HPRM#1: Somewhere in here, I started testing whether I could use different cues to get her to re-assess and establish a slightly slower rhythm. We were passing pretty much everyone around us, which was to be expected in the first couple of miles since we started at the very back of the E Corral. However, around the 4 mile mark I was concerned about how far ahead of target pace we were getting, so I explained that we had pretty much gotten past all the slower runners who had started in front of us and we should not get sucked out too fast by getting used to “climbing the ladder” and always going faster than the people around us; that we were now about where we should be and we could just settle in. This actually worked, and we dialed in around 8:20 pace. And she said she felt good, and she was running smooth.
HPRM#1 had said Chicago is like running a marathon on a track and it certainly felt that way. By now, we had established a good rhythm. At water stops, he grabbed a cup and brought it to me. I didn’t even have to slow down, which was amazing. I let him know that I take a gel every 30 minutes and he kept an eye on the clock for that. When it was time to fuel, I handed him my gloves – it was still cold! – extracted a Maurten gel from my FlipBelt shorts, passed him the gel to open, took it back, swallowed the gel, got my gloves back. It was almost like a dance and I barely broke stride.
HPRM#1: FULL. SERVICE. Y’ALL.
I don’t talk when I’m racing,
HPRM#1: 100% accurate. Have you ever talked to yourself for 3 hours and 44 minutes? I have…..
but my mind is sometimes pretty active. I have often thought about my daughter, Rose, when running a marathon but in the early miles of Chicago, I thought about my son, Aidan, over and over again. The Running Rogue podcast recommends a rhythm mantra for the early miles of a race and the host said he had used the word “smooth.” Aidan is maybe the smoothest person I know. Even though he can get fired up while playing video games, he has a dancer’s grace and a quiet gentleness when working with his little sister. Rose and I love to bake, but it’s Aidan who frosts the cakes and I just thought about his smooth movements and smooth frosting skills. On and on through the streets of Chicago. Aidan and smooth frosting and running.

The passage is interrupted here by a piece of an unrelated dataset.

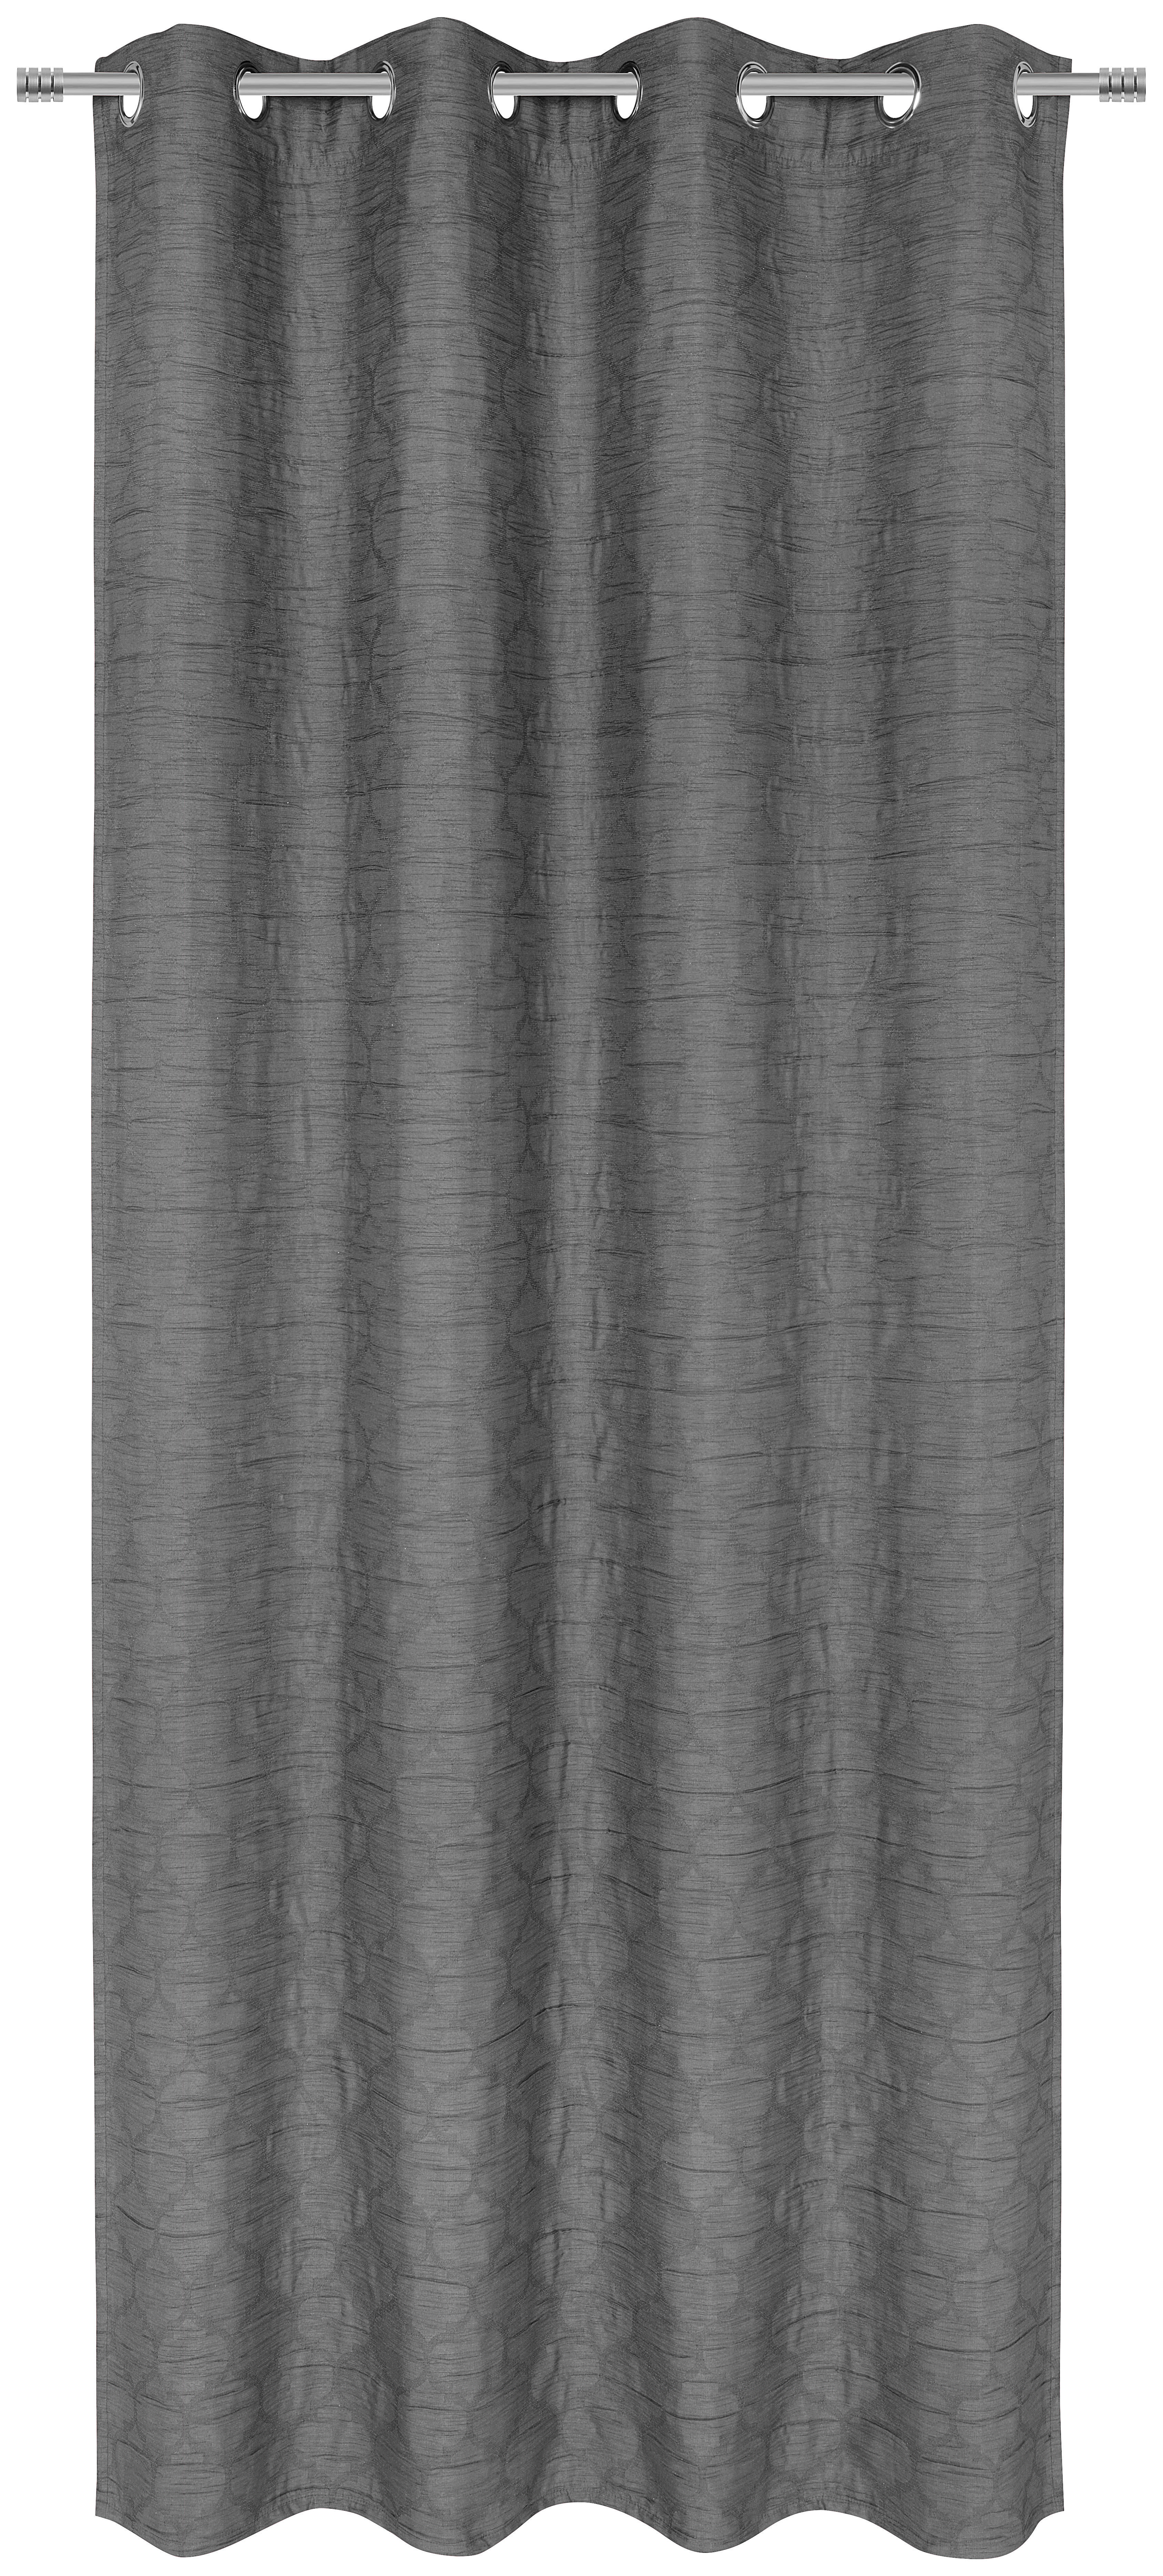 ÖSENSCHAL black-out (lichtundurchlässig) 135/245 cm   - Anthrazit, Basics, Textil (135/245cm) - Esposa

I had studied the course so I knew the halfway split was around the time we finished the northern loop to come back downtown. I thought about whether I wanted to ask HPRM#1 for our time at the half, but decided against it.
HPRM#1: It was 1:48:12, putting us on pace for a 3:36:24 at the half. That was way faster than her A goal, but within the range that I felt she could physically run if she had what Coach Mick calls “a unicorn race.” It seemed like that could be in the cards, based on how she said she was feeling throughout the first half, and also that she had settled into a rhythm at around 8:20 pace between 15k and the half. This was a slower pace than her start through 10k by about 10 seconds a mile, and it seemed really smooth for her. 3:40:00 pace is 8:23 pace, for those of you keeping score at home.
The point of a pacer is to trust him to manage pace. If we were going faster than expected, I would get worried. If we were going slower than expected, I would feel discouraged. I noted when we crossed and could start counting down since we were more than halfway done but I didn’t ask for information. Fairly soon after the halfway split, though, I started to struggle.
HPRM#1: The onset of this seemed to be more sudden than I would have expected. As she started giving me more and more of a gap, I could tell she was getting more and more anxious.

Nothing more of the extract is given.